Domain Toolkits¶
Toolkit Contents¶
In line with Artifact-ML's overall organization, artifact-core provides distinct domain toolkits.
Each toolkit implements its own flavour of all core interfaces.
Thereby, toolkits provide their own:
ResourceSpec: schema definitions that describe the structural and semantic properties of validation resources (e.g., feature types and data formats for tabular data).
ArtifactType: enumeration system that assigns unique identifiers to artifact implementations.
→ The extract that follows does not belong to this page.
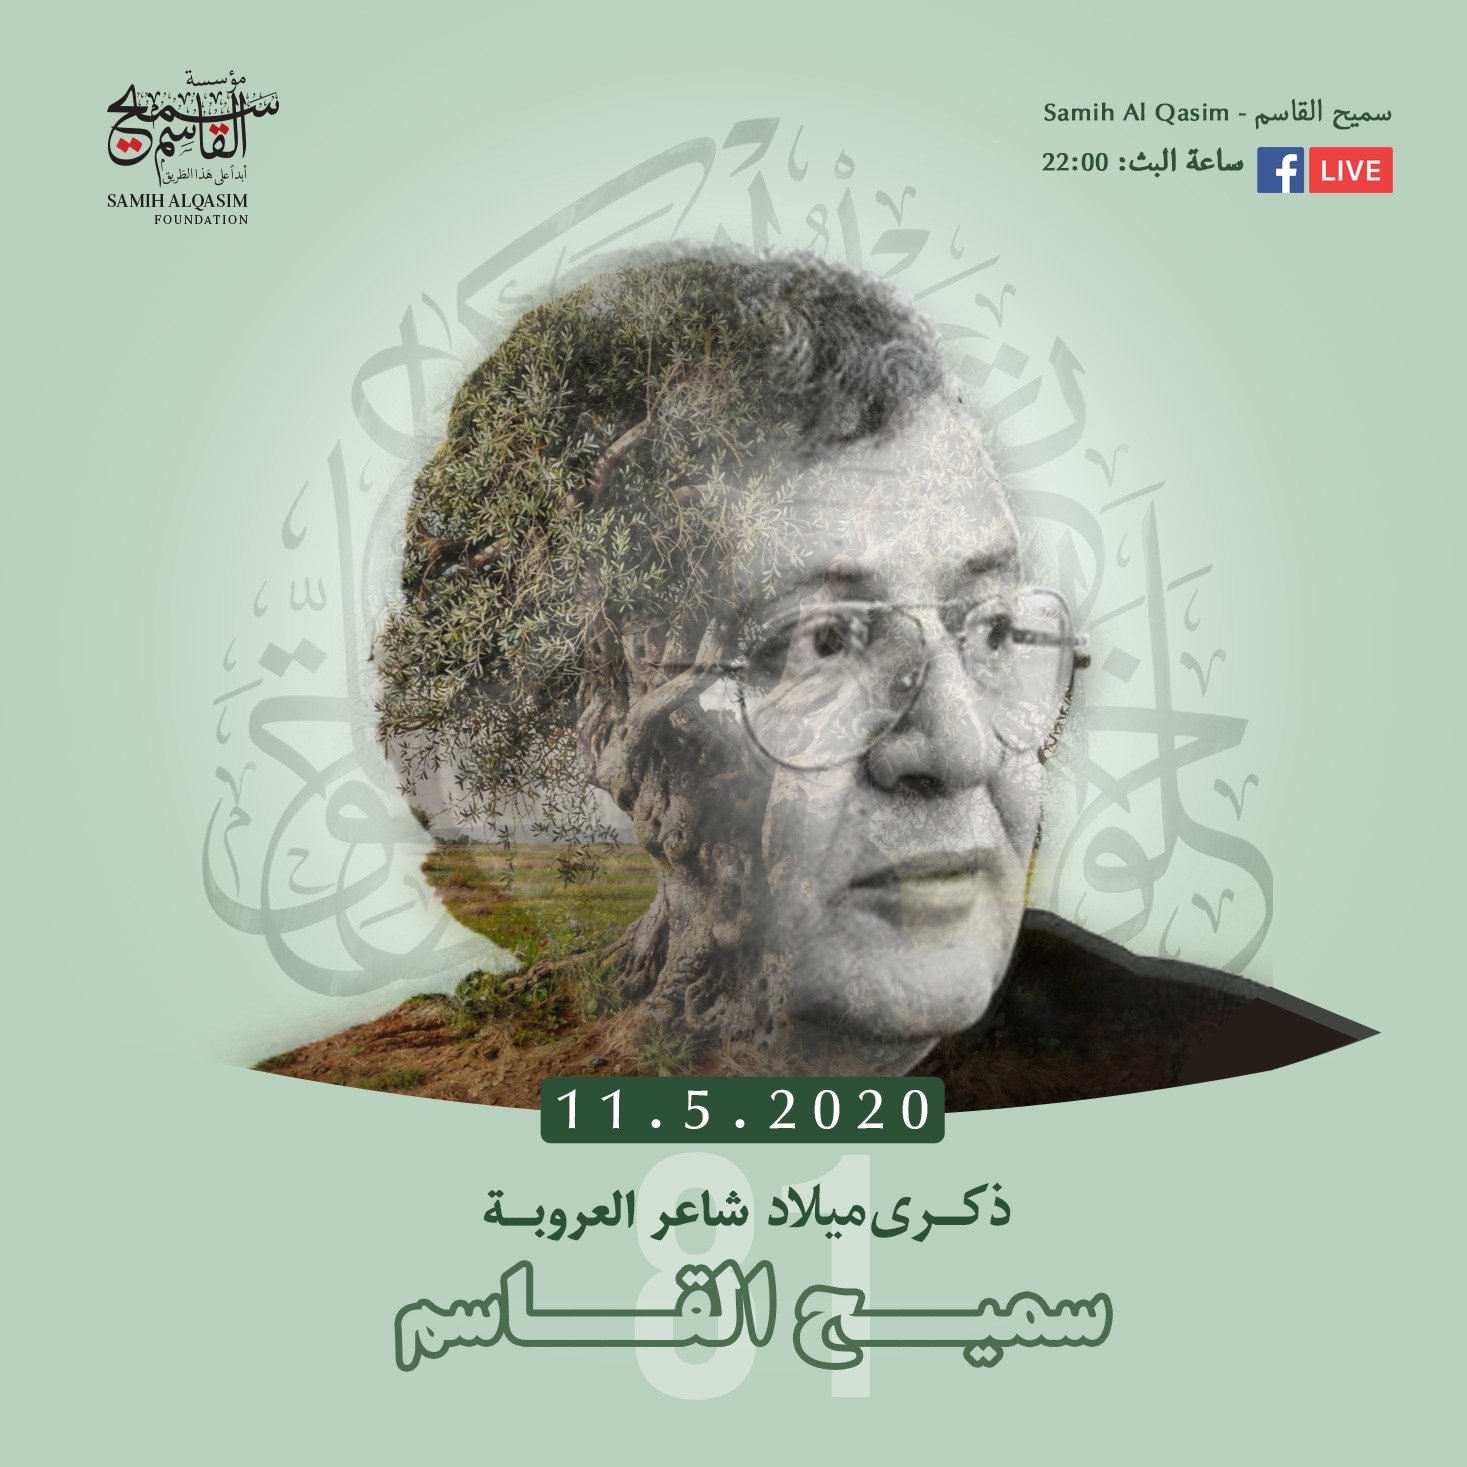 نشر فيديوهات للشاعر الكبير سميح القاسم على الفيسبوك بمناسبة ذكرى ميلاده اليوم-2
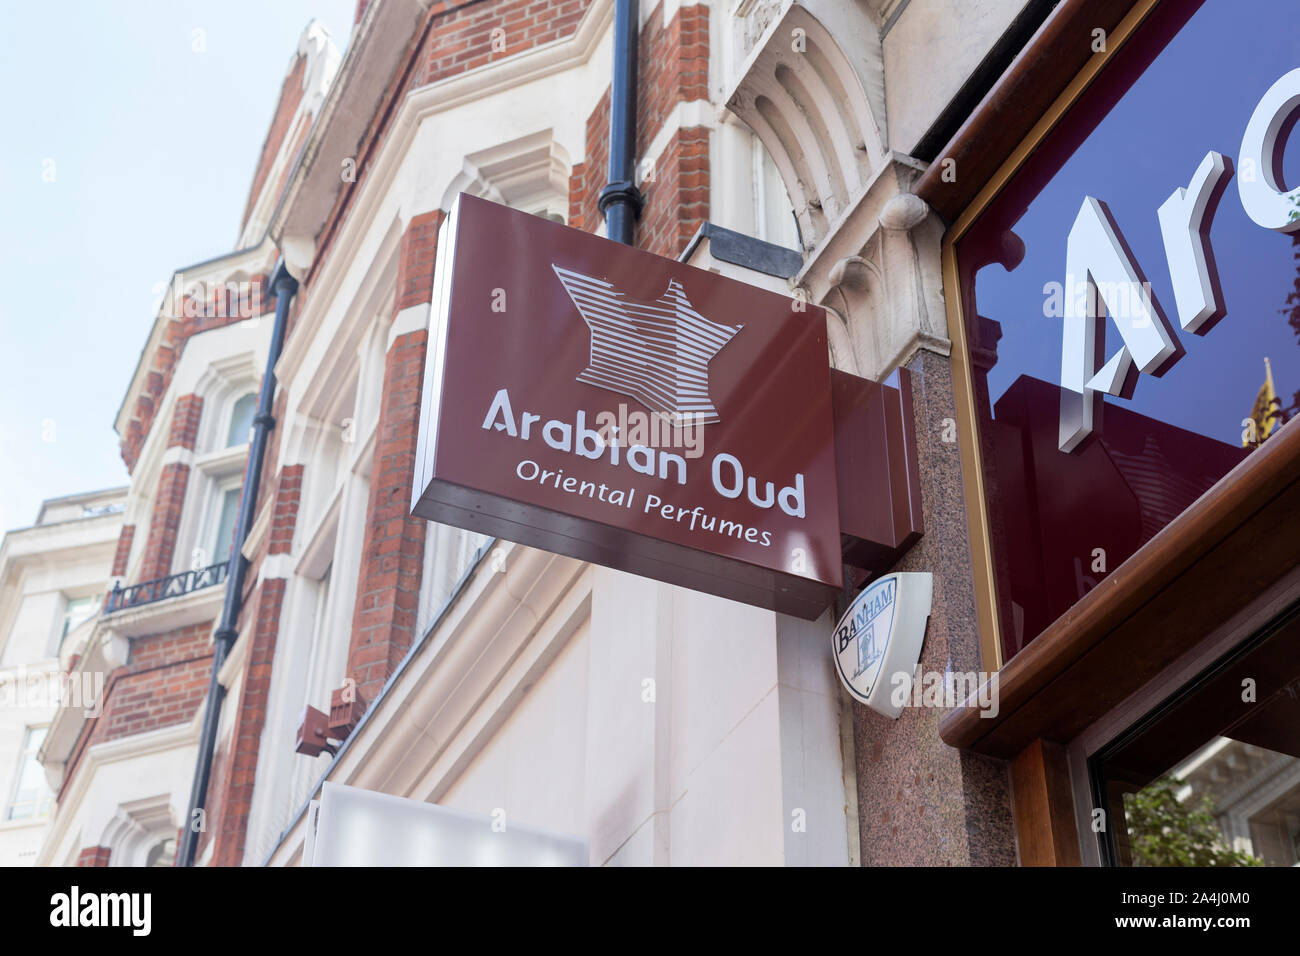 Arabian Oud segno logo, Londra, Inghilterra Foto Stock

ArtifactEngine: unified interface for executing validation artifacts declaratively.
import pandas as pd
from artifact_core.table_comparison import (
TableComparisonEngine,
TableComparisonPlotType,
TabularDataSpec
)
df_real = pd.read_csv("real_data.csv")
df_synthetic = pd.read_csv("synthetic_data.csv")
data_spec = TabularDataSpec.from_df(
df=df_real,
cat_features=categorical_features,
cont_features=continuous_features
)
engine = TableComparisonEngine(resource_spec=data_spec)
pca_plot = engine.produce_dataset_comparison_plot(
plot_type=TableComparisonPlotType.PCA_JUXTAPOSITION,
dataset_real=df_real,
dataset_synthetic=df_synthetic,
)
pca_plot
Supported Toolkits¶
- Table Comparison Toolkit — toolkit supporting tabular data synthesis workflows.
- Binary Classification — toolkit supporting binary classification workflows.